Bourne sacudió la cabeza.

—Entonces, ¿por qué me envió Conklin a matar a Viveka?

—Otro error. Creyó que era una espía.

—No —dijo Skara—, fue cosa de Kaja.

Bourne y don Fernando la miraron asombrados. Christien tan sólo pareció triste.

—No lo comprendí realmente hasta que el señor Bourne me dio esto. —Sacó la 22 plateada—. Mamá la llevaba cuando la mataron. Le disparó con ella al señor Bourne, ¿no es así?

—Así es —dijo él.

—Kaja le dio el arma a mamá —dijo Skara—. Igual que una de sus personalidades te odiaba a ti, papá, otra despreciaba a mamá.

Christien unió las palmas de las manos, como si rezara.

—Kaja se convirtió en una lacra. —Su expresión revelaba el duro golpe emocional que había sufrido—. Tenía la ventaja de parecer tres o cuatro años mayor de lo que era. Era preciosa y, a su modo, brillante. No le hablé a nadie de ella…, ni siquiera a usted, don Fernando. Para empezar, me sentía avergonzado y aterrado por el modo en que intentaba seguir mis pasos. Además, pensaba que podía controlarla. Ése fue mi mayor error. —Se miró los zapatos—. Nadie podía controlar a Kaja.
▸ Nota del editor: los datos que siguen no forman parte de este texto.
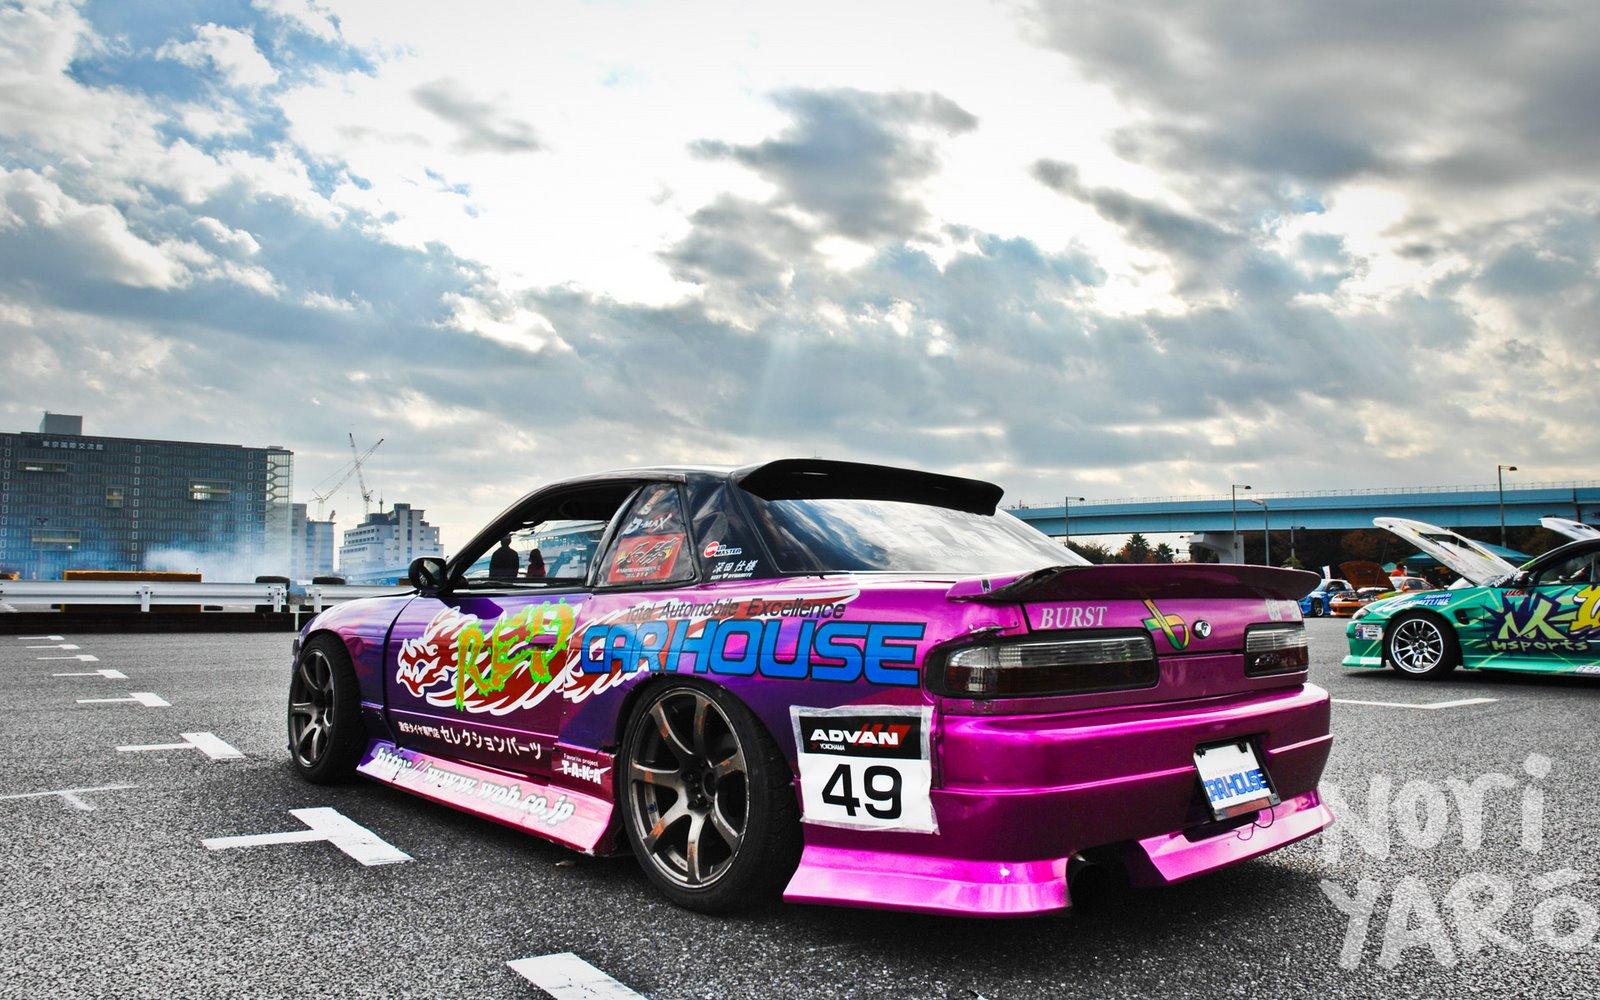 http://1.bp.blogspot.com/-XdGWE7SLRVo/TVj7GDqBq0I/AAAAAAAAASk/Yvc9FsuQ3uA/s1600/S13fujio+akihito.jpg

—Utilizaba su cuerpo además de su retorcida mente —dijo Skara.

Christien se estremeció.

—Sin duda tienes razón. —Se encogió de hombros—. En cualquier caso, Conklin descubrió que me habían enviado a matarlo. Eso abortó la misión. Pero incluso después de oír que yo había muerto, le envió a usted, señor Bourne.

Skara se inclinó hacia delante en su asiento.

—Por culpa de la terrible mentira de Kaja. —Entregó la 22.

—Al menos la Beretta se redimió a sí misma —dijo Bourne—. Me salvó la vida en Damasco.

—Demos gracias a Dios por ello —dijo don Femando fervientemente.

Se produjo otro momento de silencio. Parecía que no tenían nada más que decir. Cuando Christien se levantó, todos los demás lo imitaron. Bourne le estrechó la mano: no había nada más que hacer.

—Skara —dijo Christien—, ¿por qué no te tomas el día libre y le enseñas al señor Bourne algunas de las vistas de la ciudad que tal vez no pudo ver la última vez que estuvo aquí?

Don Fernando abrazó a Bourne y lo besó en ambas mejillas.

—Adiós, Jason —dijo—, pero no de forma definitiva.

Cuando Bourne y Skara se marcharon, Christien se volvió hacia don Fernando.

—¿Crees que sospecha algo?

—De momento no —respondió el anciano—. Pero no tengo dudas de que se dará cuenta cuando regrese a Washington y hable con Peter Marks.

Christien frunció el ceño.

—¿Seguro que eso no será ningún problema?

—Es lo que queremos. —Don Fernando sonrió—. Has comprado suficientes acciones de NeoDyme para que tengamos el control de Indigo Ridge. Tendremos riquezas inimaginables. —Observó a su amigo juiciosamente—. Te perdono por mantenerme a oscuras respecto a Kaja. Tu plan de utilizar el ataque de Domna a Indigo Ridge como distracción funcionó perfectamente. Los notables del gobierno norteamericano estaban demasiado ocupados desentrañando el plan de Domna para investigar las compañías que utilizamos para comprar todas las acciones de NeoDyme.

Christien se acercó a la ventana. Vio cómo Bourne y su hija salían del edificio y cruzaban la calle medio cubierta de nieve derretida.

—¿Qué hará Bourne cuando lo descubra?

Don Fernando se reunió con él en la ventana. El cielo se había encapotado: pronto volvería a nevar.

—Con Bourne a menudo es difícil predecirlo. Mi esperanza es que vuelva para que podamos hablar.

—Lo necesitamos, ¿no?

—Sí —dijo don Fernando gravemente—. Es el único en quien podemos confiar.